Rolling clothing, rather than folding it, saves space in luggage and prevents wrinkles. Putting items such as socks, underwear and chargers inside shoes also saves space in the luggage.
Packing multi-purpose items saves space in suitcases. Multi-purpose items include pants that can be used as shorts or a jacket that can be used as a travel pillow. Travelers must also be aware of U.S. Transportation Security Administration rules for traveling with liquids in carry-on luggage. The TSA prohibits travelers from carrying liquid products in containers larger than 3.4 ounces. All liquids must be placed in a quart-size, resealable plastic bag.

----------


## 1travel1

thanks so much

----------


## rivmerlin

Wow! These are cool travel tips for packing luggage. I would love to try my luggage packing by using the same method. I am sure will save so much of space to put more stuffs for my road trip italy.

Thanks!

----------


## grayson

Try bringing clothing items that have pockets as well.

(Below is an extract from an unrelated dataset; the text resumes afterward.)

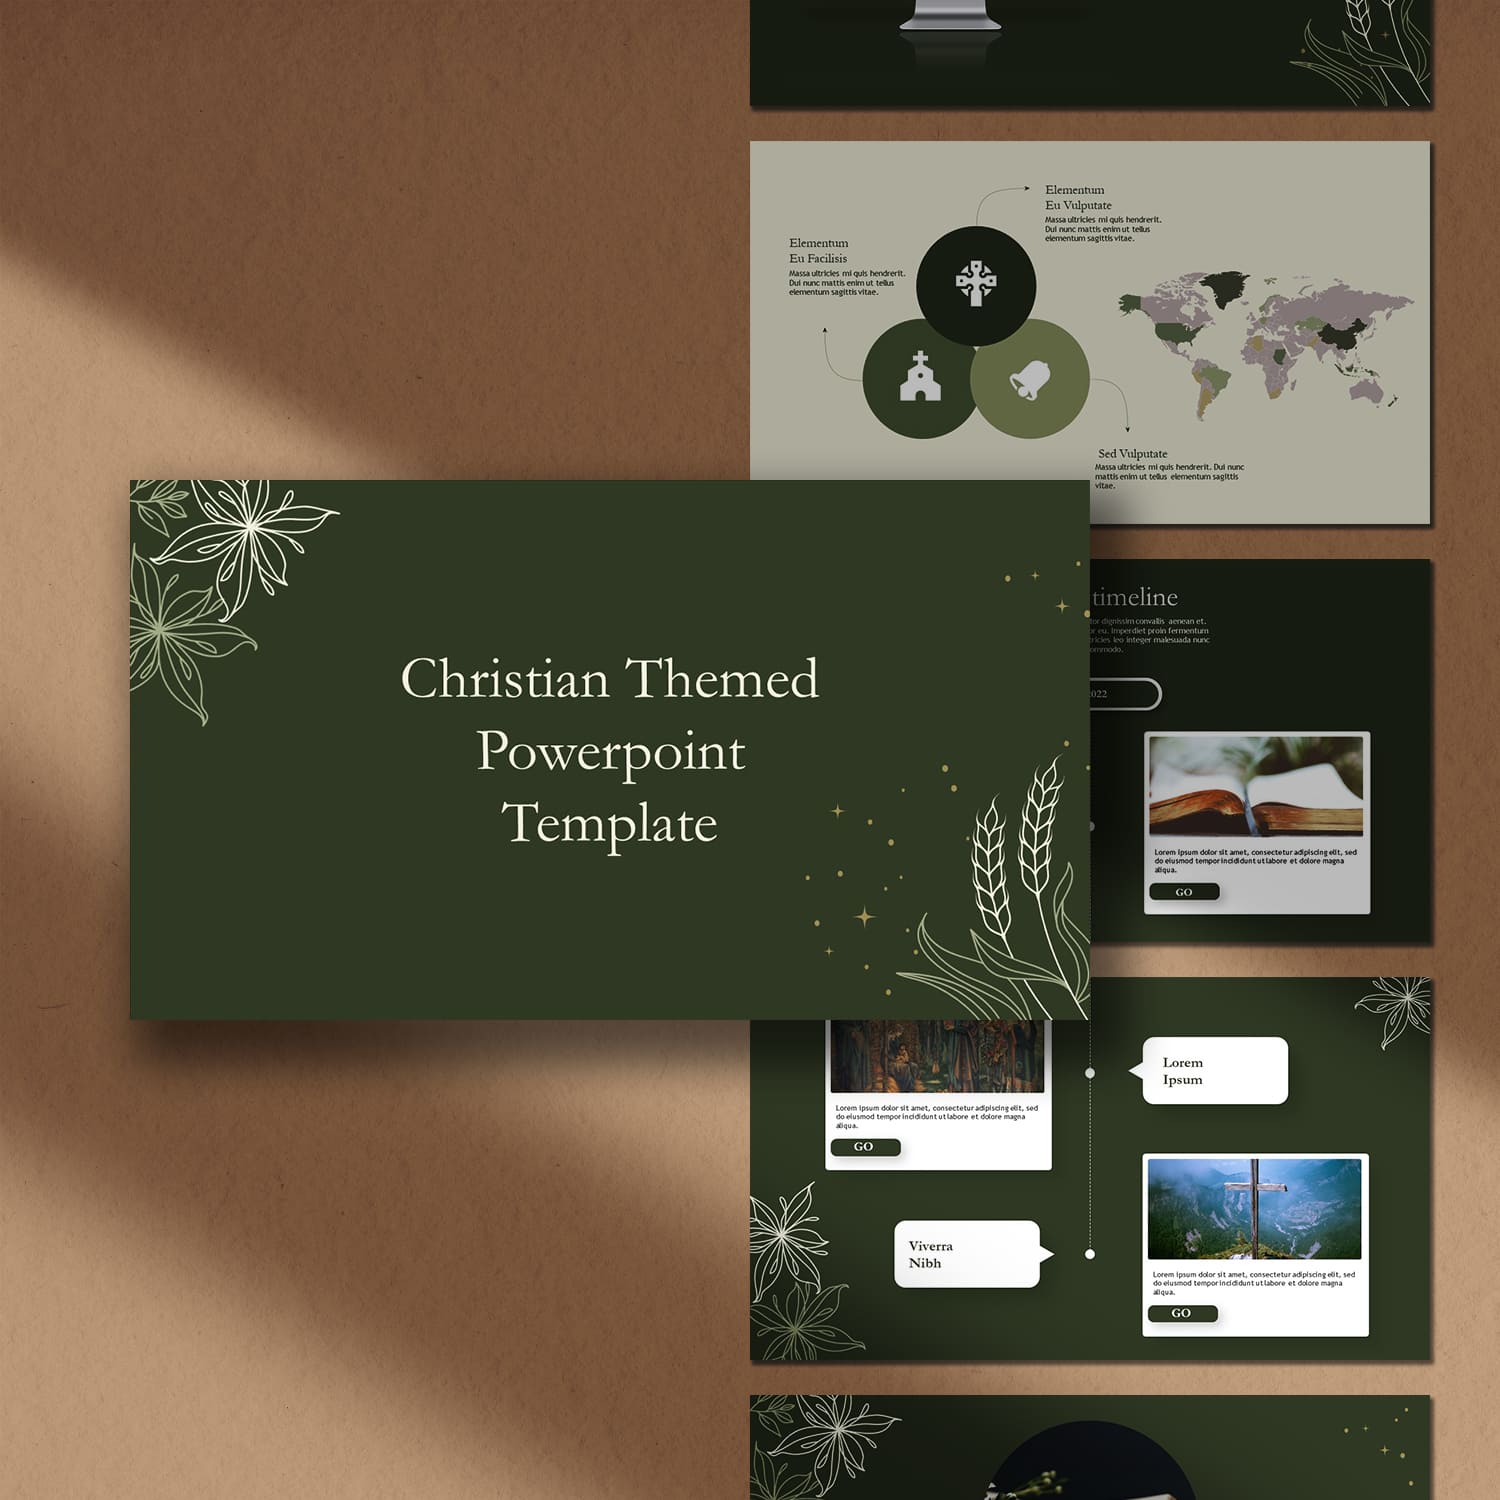 Five Slides of Christian themed powerpoint template.

It's useful for carrying small stuff (tickets, cash, sunglasses)

----------


## davidsmith36

Tips for Packing luggage:
1.Roll, don't fold.
 2.Make a packing list 
3.Know your airline's baggage-fee policy
4.Follow the 3-1-1 rule

----------


## KindaichiShota

There are few tips I found in an article.
For you I am sharing those as below.

1. Roll, don't fold.
2. Make a packing list
3. Know your airline's baggage-fee policy
4. Follow the 3-1-1 rule
5. Use your personal item wisely
6. Wash your clothes on the road
7. Pack dual-purpose garments
8. Layer
9. Never check essential items
10. Use packing aids

----------


## Srilu Uppari

The key points for packing luggage is choosing the thin and light weight clothes. Roll your clothes instead of folding to save space and stop creasing. Arrange items in cube by size,style or type.

----------